Первого января пришёл к ней. Мы поднялись на второй этаж, вошли в комнату, которая была или мастерской или рабочим кабинетом. Кругом лежали выкройки, рисунки, ткани, бумаги — такой организованный беспорядок, какой бывает у творческих людей. Сели за круглый стол в углу. Она была спокойная и немного напряженная. Спросил, почему ушла из дворца. Она ответила. Достал деньги, сказал, что это оплата за труд Прорицательницы. Она отказалась, сказав, что давно не прорицает для Короля. Я посмотрел на неё: нет, не возьмет — и не стал настаивать. Она рассказала, что живет и работает здесь в «Магазине готового платья» и ни в чем не нуждается. Вот так! Главный мой козырь она выбила! Ей моё богатство ни к чему. Она самостоятельная и самодостаточная женщина. Мы поговорили ещё. Я просил разрешения видеться с ней, она согласилась встречаться здесь в магазине по субботам и я ушёл.

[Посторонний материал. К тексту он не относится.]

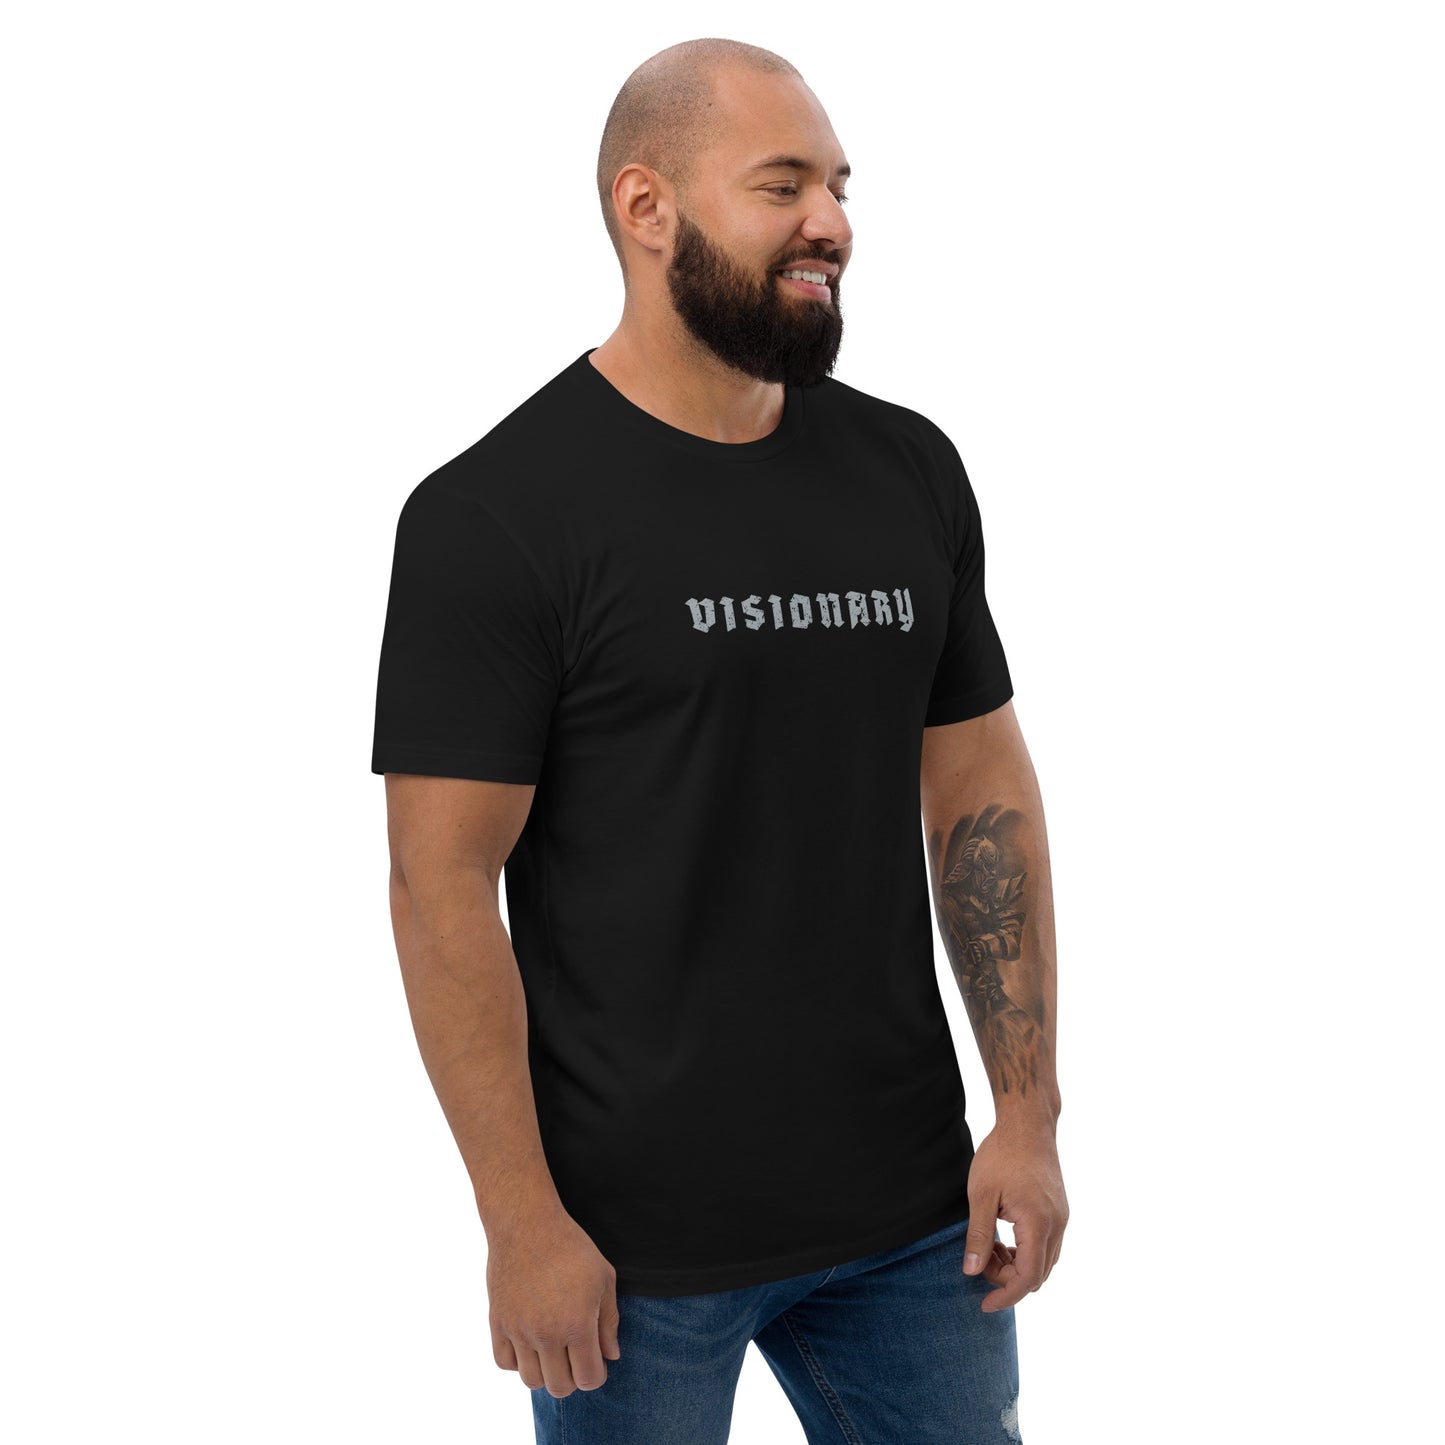 Visionary Unisex Shirt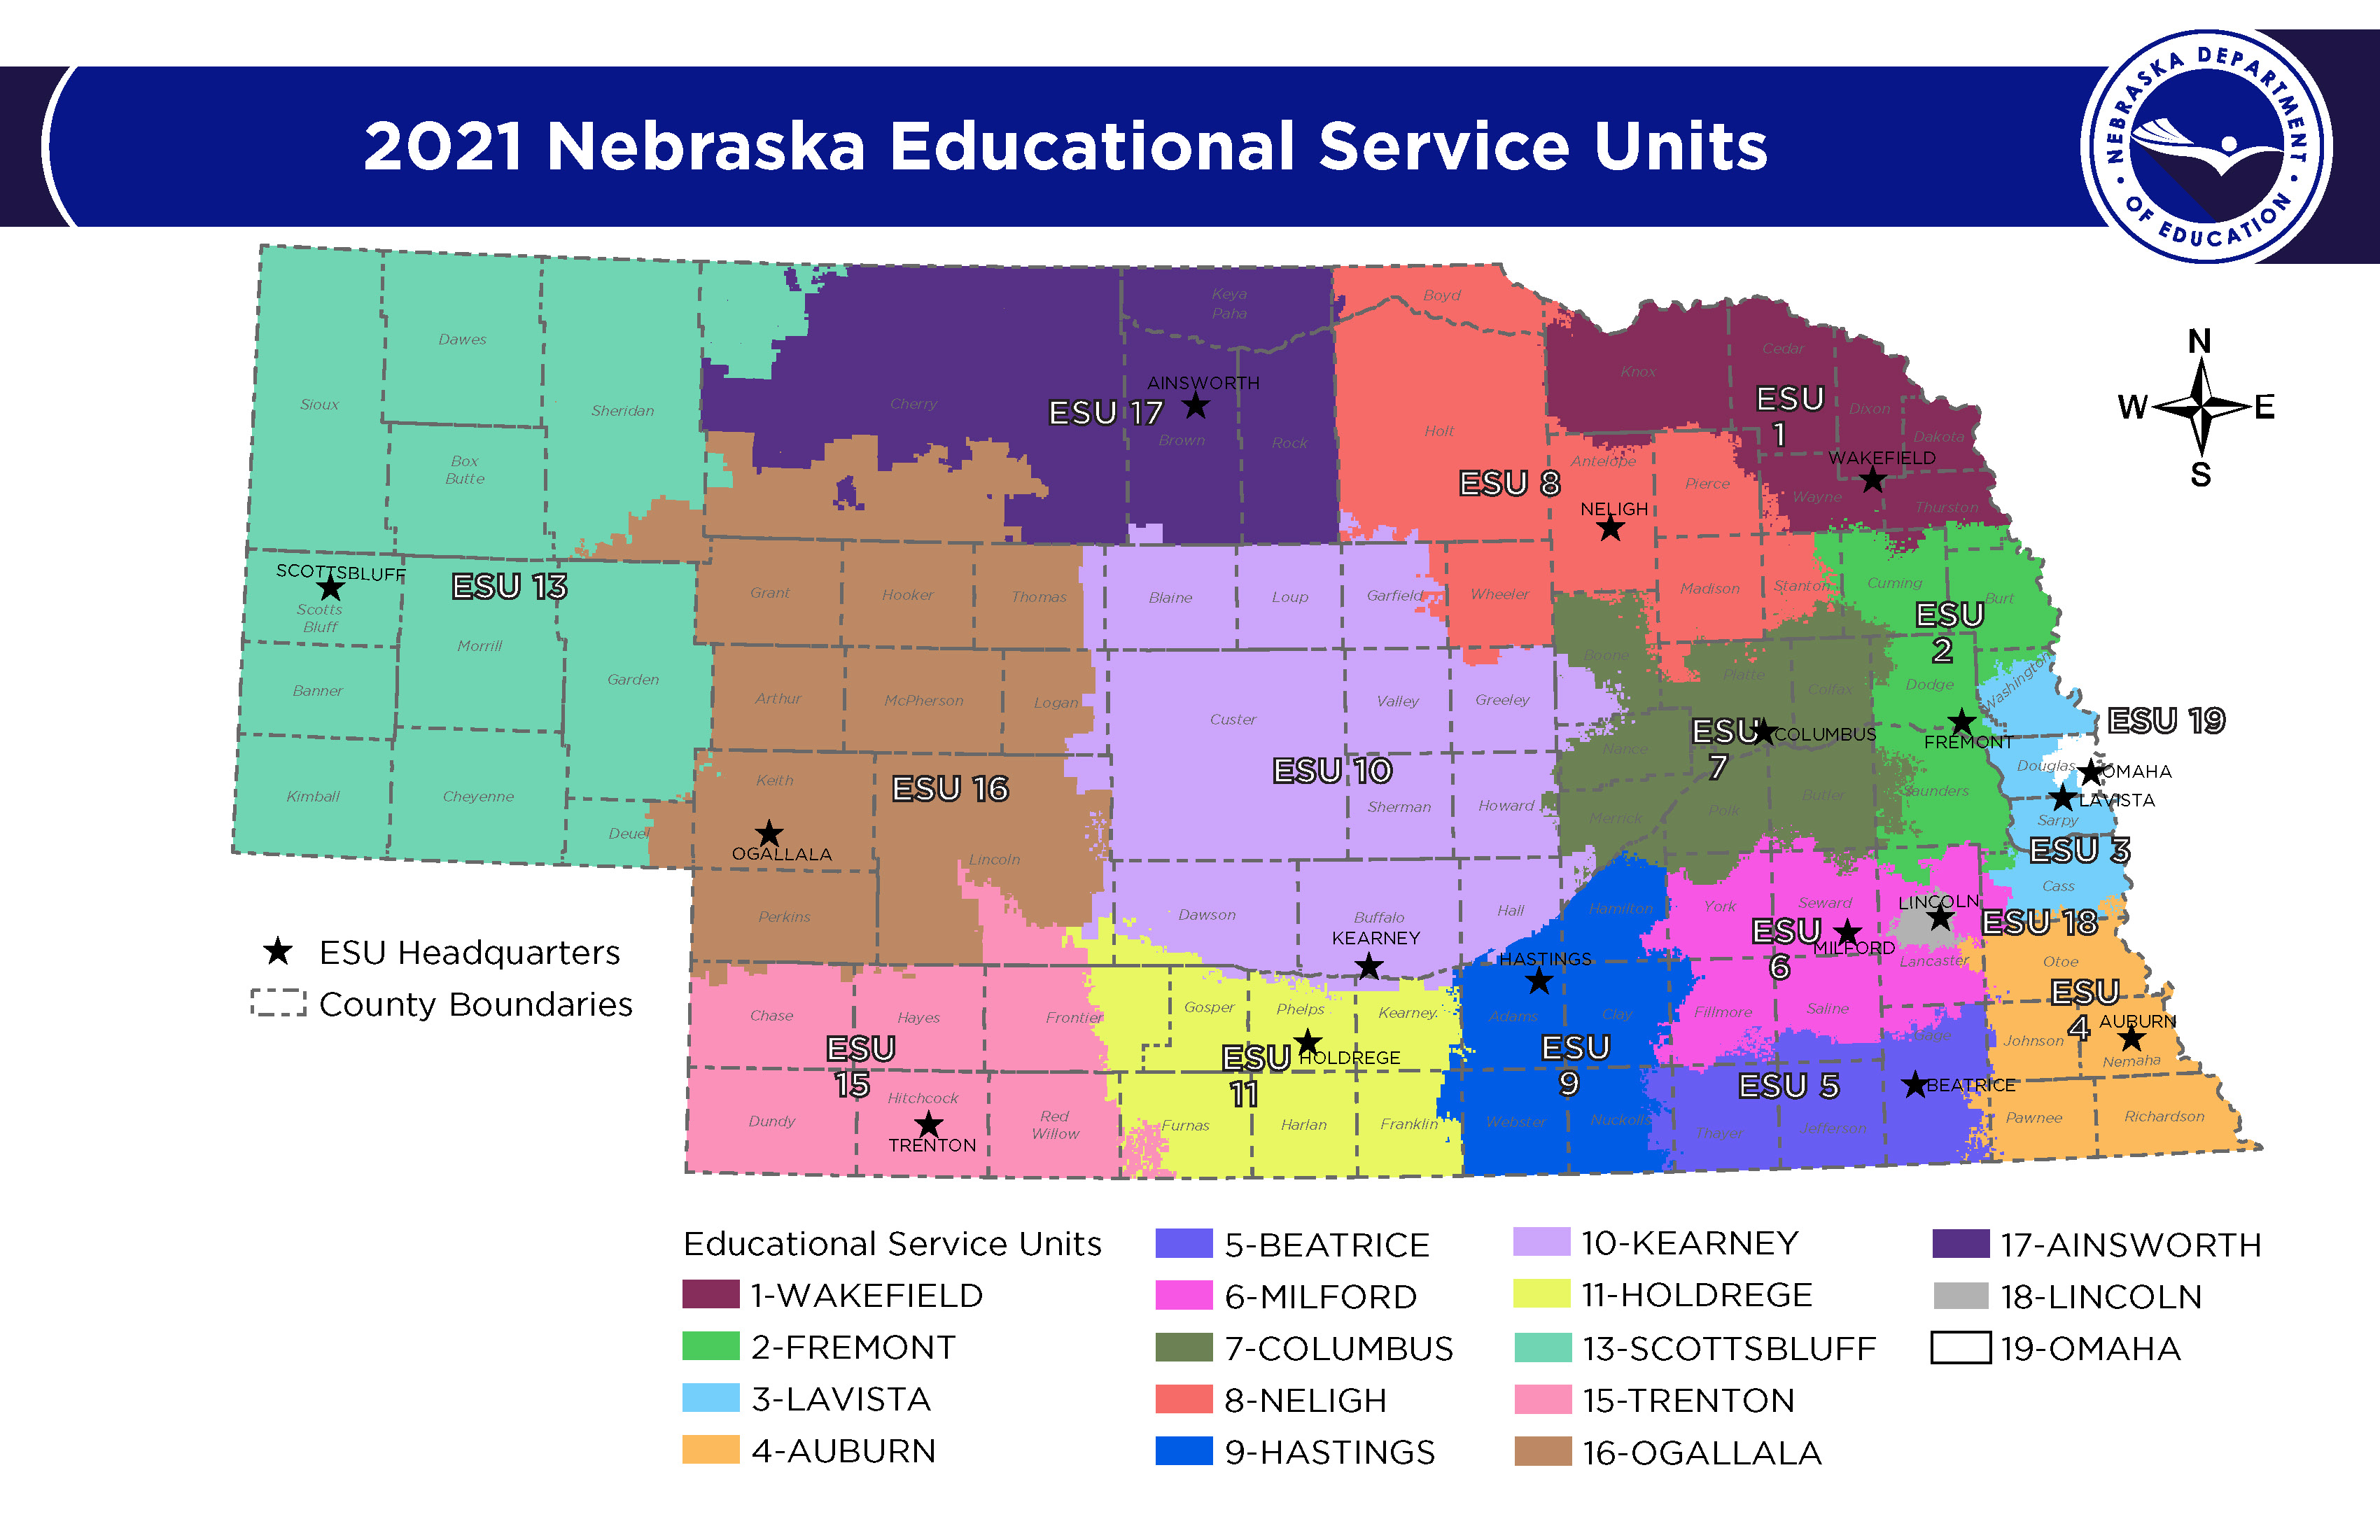 NEBRASKA EDUCATIONAL SERVICE UNITS MAP

Я дорожил каждой субботой, когда мог видеть её. Получалось это не всегда. Мне приходилось много ездить по стране, встречаться с землевладельцами, горожанами, рассказывать им о новых порядках, объяснять, что такое Конституция. Со мной ездили один-два министра. Они знакомились со страной, которую фактически знали только по книжкам и по документам, с которыми работали. Для них было много нового. За бумагами они увидели живых людей, их радости и беды.
Я старался вернуться к субботе, чтобы пойти к ней. Каждую субботу я говорил себе, что сегодня скажу ей, как я её люблю и прошу стать моей женой. Но она была холодной и отстраненной и я не решался. Возвращаясь домой, ругал себя: «Ну, почему я такой дурак? Почему такой нерешительный? Откажет, буду добиваться год — два, сколько нужно, чтобы она стала моей». Разговаривать с ней было интересно. Она задавала правильные вопросы, иногда возражала, т. к. свое мнение у неё было всегда, улыбалась шуткам, но близости, которая была когда-то, я не чувствовал. Она говорила, что Дар её слаб, но я- то знал, что он растет. Её глаза по-прежнему были для меня раскрытой книгой, хотя я видел — она научилась скрывать свои чувства.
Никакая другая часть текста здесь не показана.